DATA RECORDS:
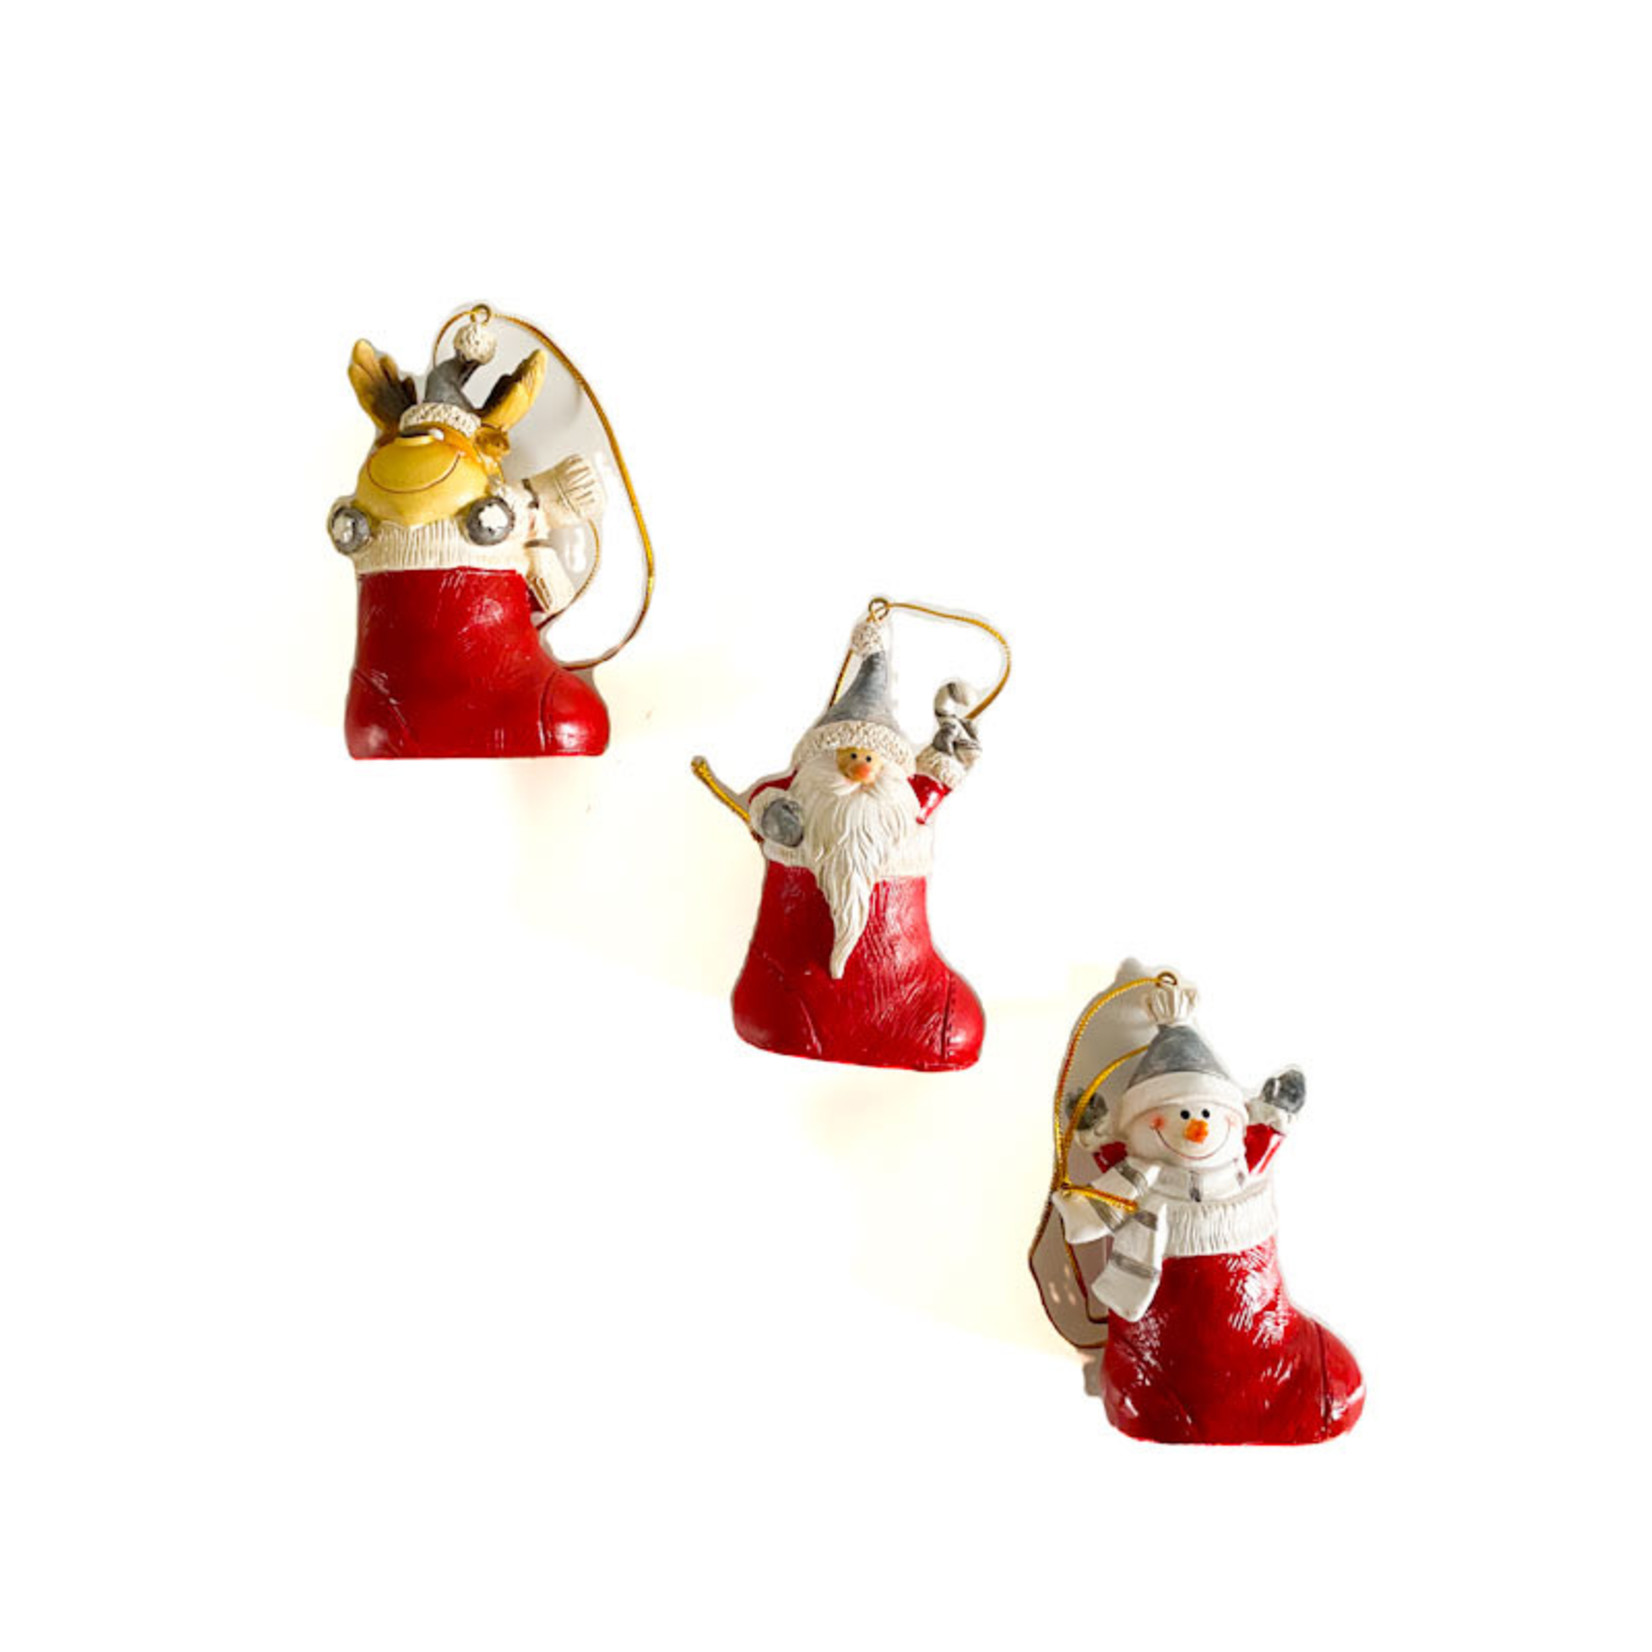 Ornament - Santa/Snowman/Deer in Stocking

* * *

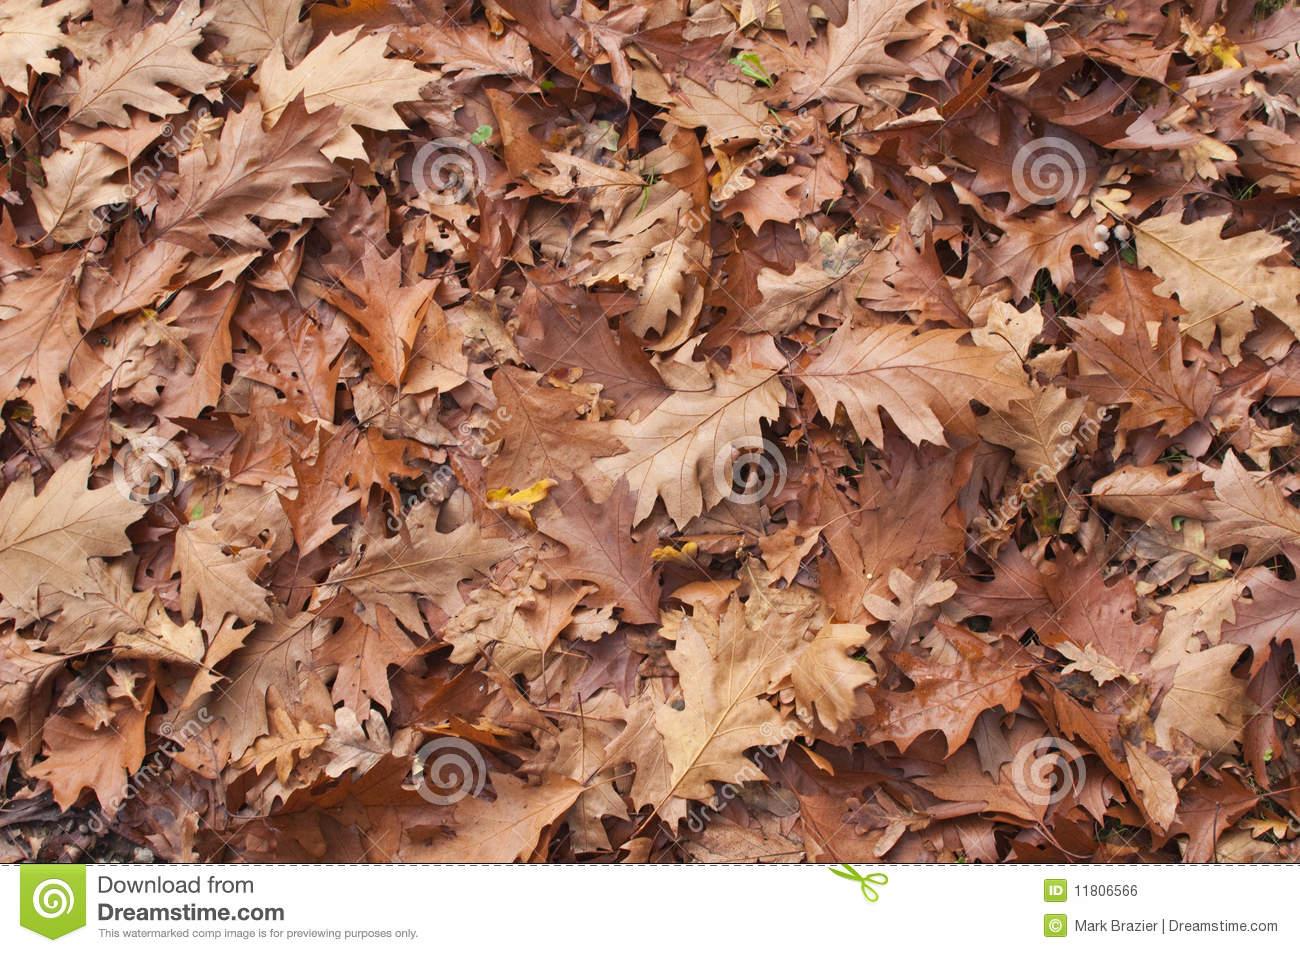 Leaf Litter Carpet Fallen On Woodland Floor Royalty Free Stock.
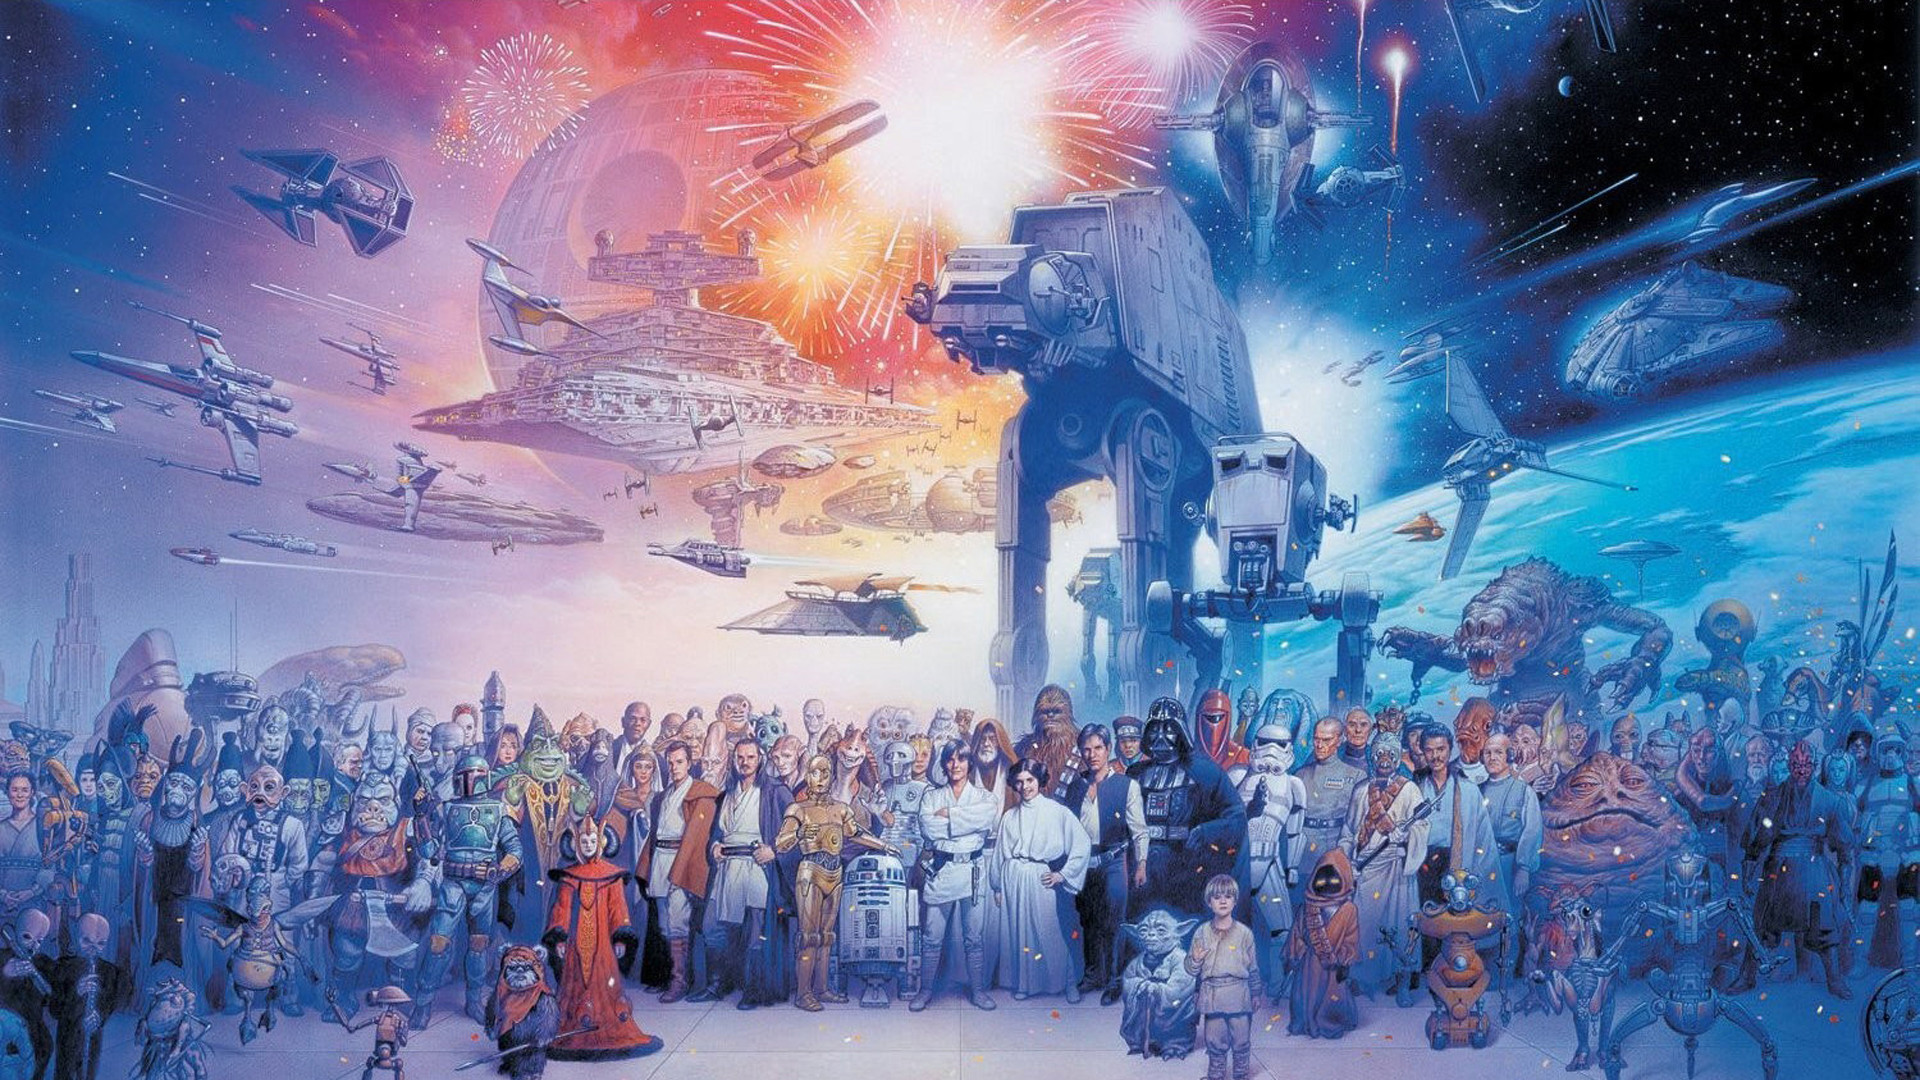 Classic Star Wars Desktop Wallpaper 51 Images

YOUR ASSIGNMENT:
What should come back is an exact copy of the lines above from the line with "Leaf Litter Carpet" to the line with "Classic Star Wars", both included, minus the pictures.

SOLUTION FOR THIS TASK:
 Leaf Litter Carpet Fallen On Woodland Floor Royalty Free Stock.
 Classic Star Wars Desktop Wallpaper 51 Images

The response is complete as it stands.